When increasing the number of risk factors to d = 92 while keeping the number of true causal risk factors constant to four, the standard IVW methods fails to distinguish between true causal and false causal risk factors and provides a ranking of risk factors which is nearly random as shown in the ROC curve in Figure 3 B) and Supplementary Figures 5 and 6. Despite being unbiased (Supplementary Figures 7 and 8), the variance of the IVW estimates is large and prohibits better performance. The Lasso provides sparse solutions with many of the causal estimates set to zero. This allows the Lasso a relative good performance at the beginning of the ROC curve, but its performance weakens when considering more risk factors. The best performance is terms of the ROC characteristics is observed for MR-BMA. In terms of MSE (Table 1), the dominant role of the variance of the IVW estimate again becomes apparent as the IVW method has a thousand times larger MSE than MR-BMA, which has the lowest MSE for all scenarios considered.

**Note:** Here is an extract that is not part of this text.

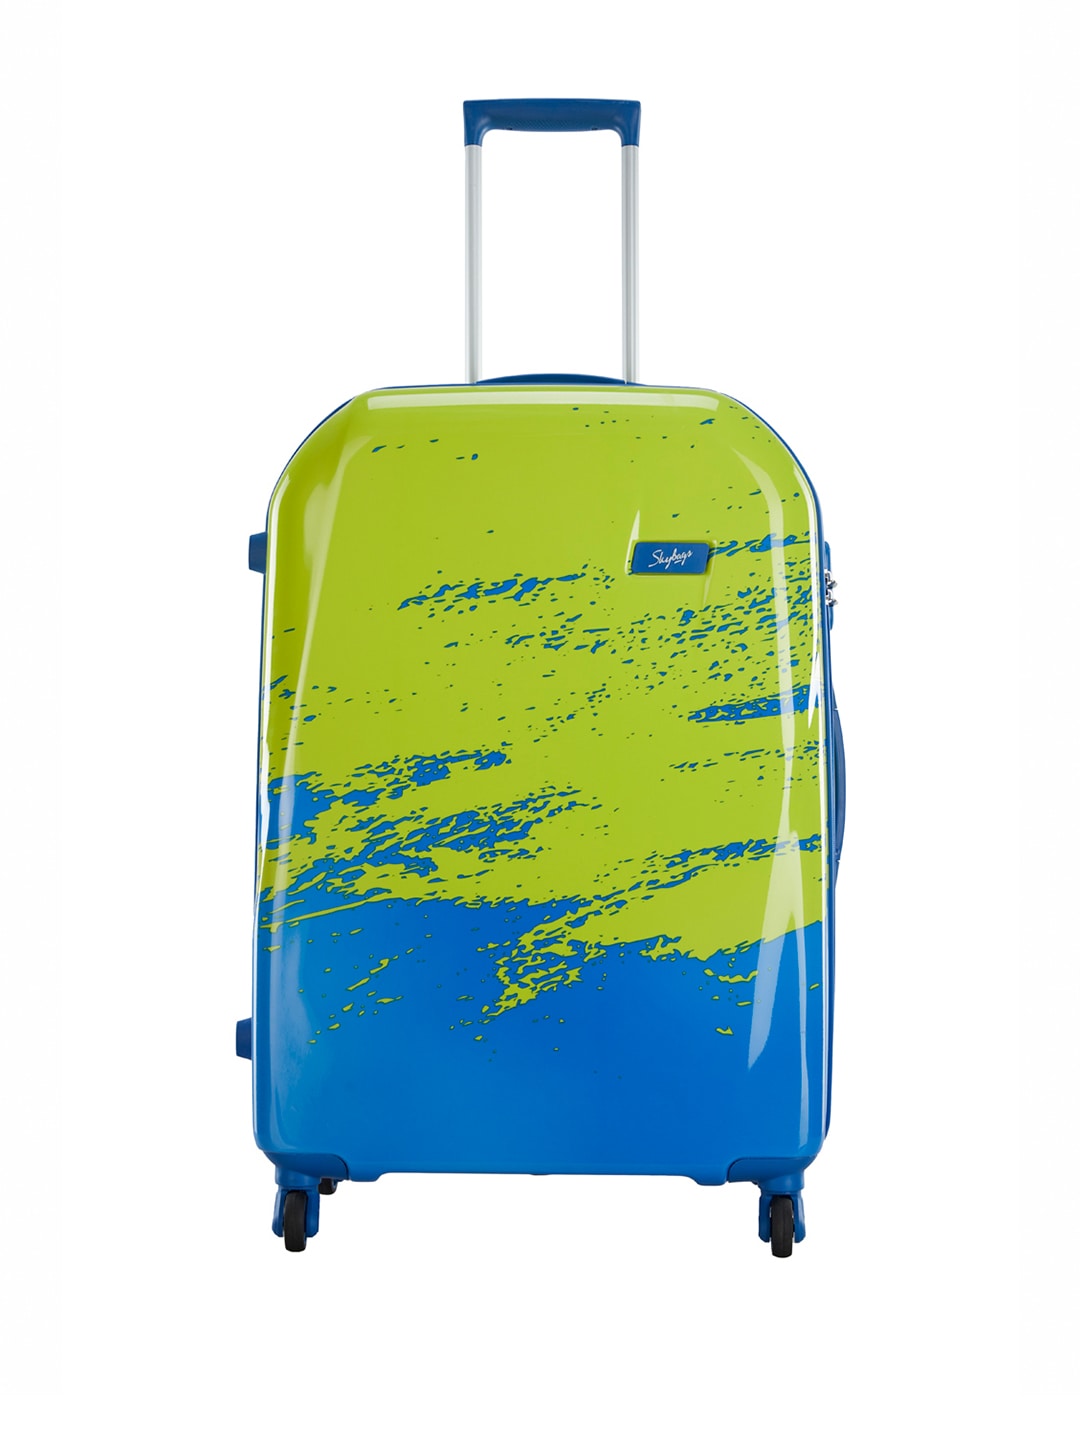 Skybags Green & Blue Horizon 75 360 Large Trolley Suitcase Price in India

Metabolites as risk factors for age-related macular de-generation
Next we demonstrate how MR-BMA can be used to select metabolites as causal risk factors for age-related macular degeneration (AMD). AMD is a painless eye-disease that ultimately leads to the loss of vision. AMD is highly heritable with an estimated heritability of up to 0.71 for advanced AMD in a twin study [18]. A GWAS meta-analysis has identified 52 independent common and rare variants associated with AMD risk at a level of genome-wide significance [9]. Several of these regions are linked to lipids or lipid-related biology, such as the CETP, LIPC, and APOE gene regions. A recent multivariable MR analysis has shown that HDL-C may be a putative risk factor for AMD, while there was no evidence of a causal effect for LDL-C and triglycerides [19]. Here, we extend this analysis to consider not just three lipid measurements, but a wider range of d = 49 metabolite measurements as measured in the metabolite GWAS described earlier [11] for the same lipid-related instrumental variants as described previously. First, we prioritise and rank risk factors by their marginal inclusion probability (MIP) from MR-BMA. Secondly, we perform model diagnostics based on the best models with posterior probability > 0.01.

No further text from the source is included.